The purpose of this paper is to explore internet users’ experiences of cyberhate in the aspects of ethnicity, religion, sexual preference and political perspective.
Researchers employed an exploratory survey method to examine internet users’ experiences of cyberhate. The participants of the study were determined by purposive sampling methods to attain maximum variety among internet users with high-level digital literacy skills. The data were collected from 355 internet users affiliated with two universities in Turkey and the USA using a personal data form and a survey (Cyberhate Experience Survey) of which reliability and validity indexes were ensured.
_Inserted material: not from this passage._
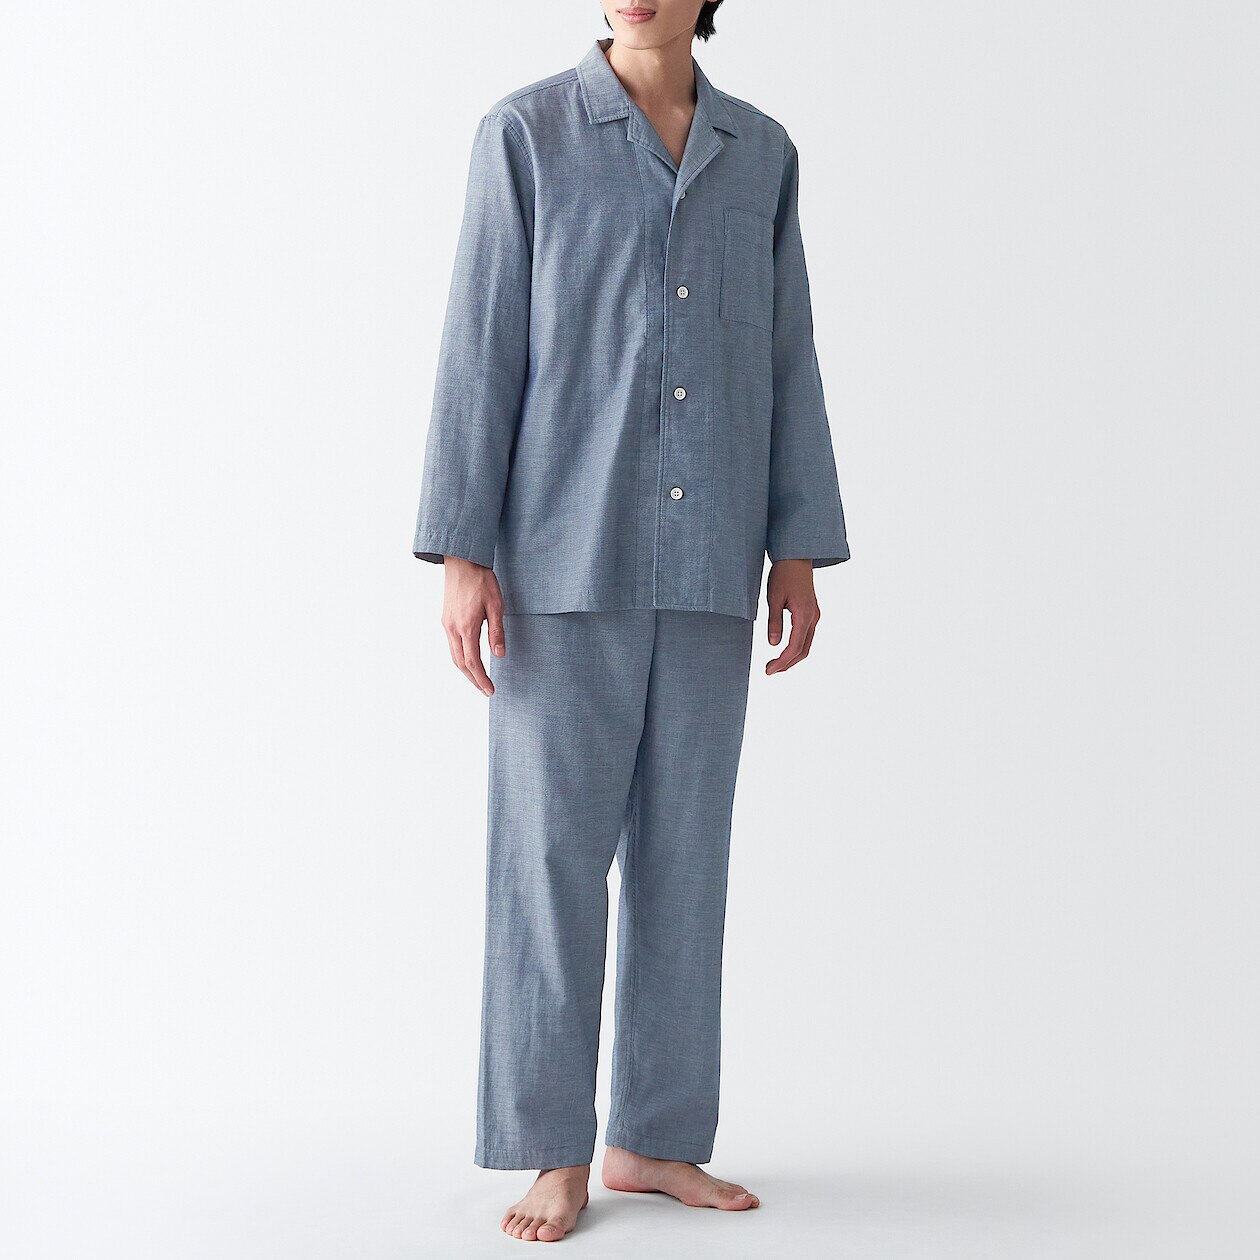 Shop Side Seamless Double Gauze Long Sleeves Pajamas online | Muji Qatar

The results indicated that participants have observed and experienced cyberhate at different levels targeting their ethnic, religious, gender-based and political identities. The findings also pointed out that gender, income and socio-political identities are significant variables on exposure to cyberhate regardless of cultural and educational boundaries. The majority of survey respondents reported that they had encountered cyberhate mostly on social media platforms.
The findings of the study imply that to address the hate speech problem comprehensively, the author must enlighten people, change their way of thinking and broaden their perspectives by using measures such as intercultural dialogue, critical thinking, media literacy, education on tolerance and diversity.
This research was intended to contribute into the need to elaborate on various aspects of cyberhate, which is shared by academics, thinkers, journalists and educators. It may also serve to clarify how frequently internet users encounter hateful content and harassment online, which can have social consequences and influence young people’s trust to other people.